14)  Our seasons are opposite.  Winter in America officially starts December 21, Spring is March 21, Summer is June 21 and Fall (which is Autumn) starts September 21.  Your summer is our winter so when you are baking in the summer heat of December, January and February we are in much colder temperatures.  We are also due for another winter storm toward the end of this week and snow is expected………yipeeeee 🙂

15)  Americans dislike Vegemite IMMENSLY!!!!

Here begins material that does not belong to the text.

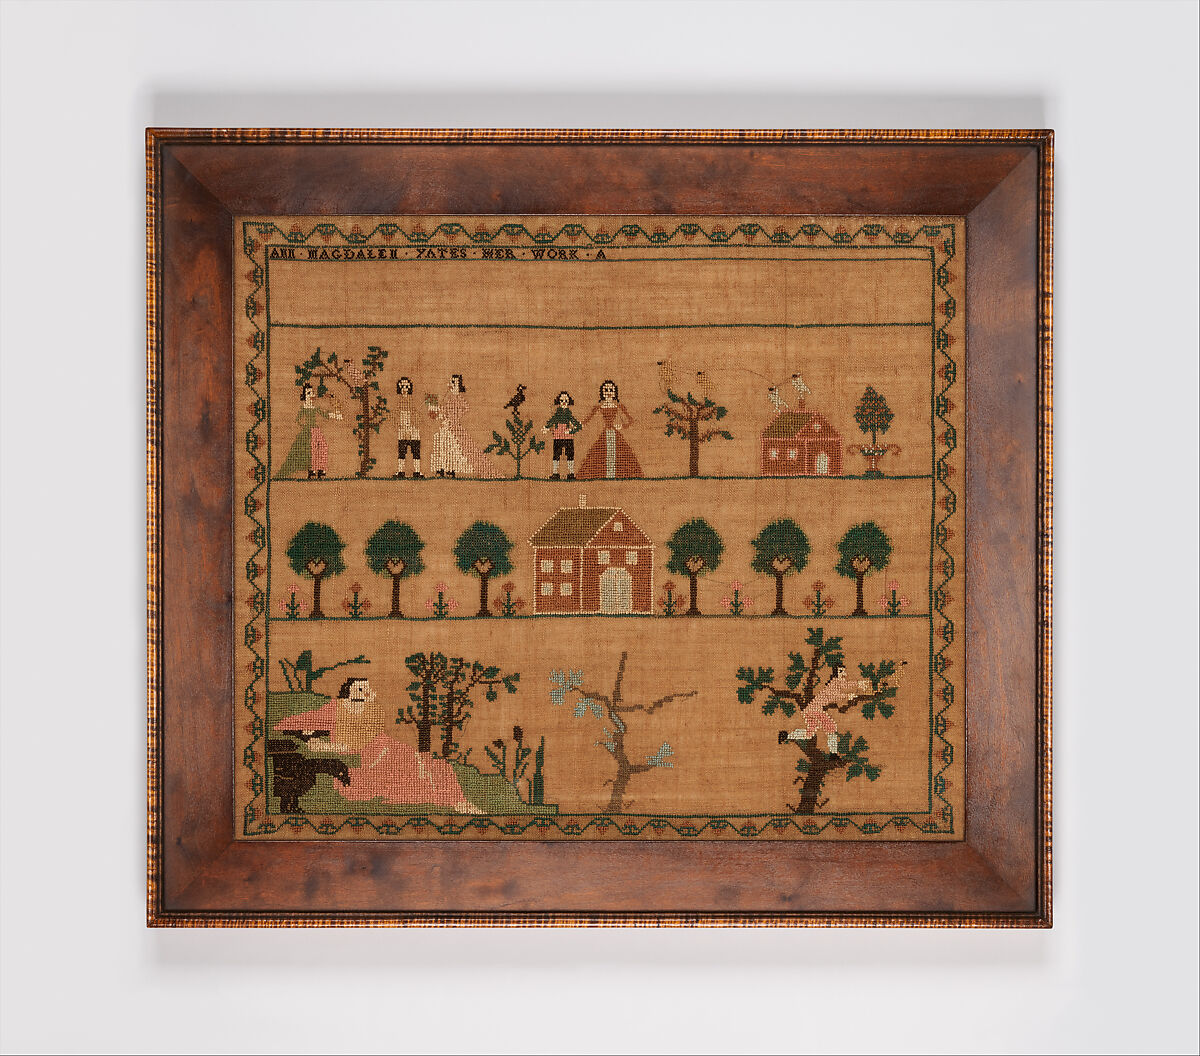 Biblical Sampler, Ann Magdalen Yates (American, born 1790), Silk embroidery on linen

Well, I guess these are but a few of the small differences that I can think of at present.  No doubt as time goes on I will think of and happily encounter many more differences.  I will close in saying, with hand on heart, that I love living in America.  I am so lucky and I thank you USA for having us in your home and for making us feel so welcome xx

 Australian gothic

Footnote:  updated 7 hours after posting – in number 14 (the seasons) I was happy another winter storm was brewing however the state has now been placed on a catastrophic weather alert.  This is due to the amount of damaging ice predicted to be received, so I will admit I may have been somewhat overzealous (okay, selfish) with the thought of more snow coming.  Fingers crossed all will be safe and well and that the beautiful state of Georgia comes through the storm with very little to no damage.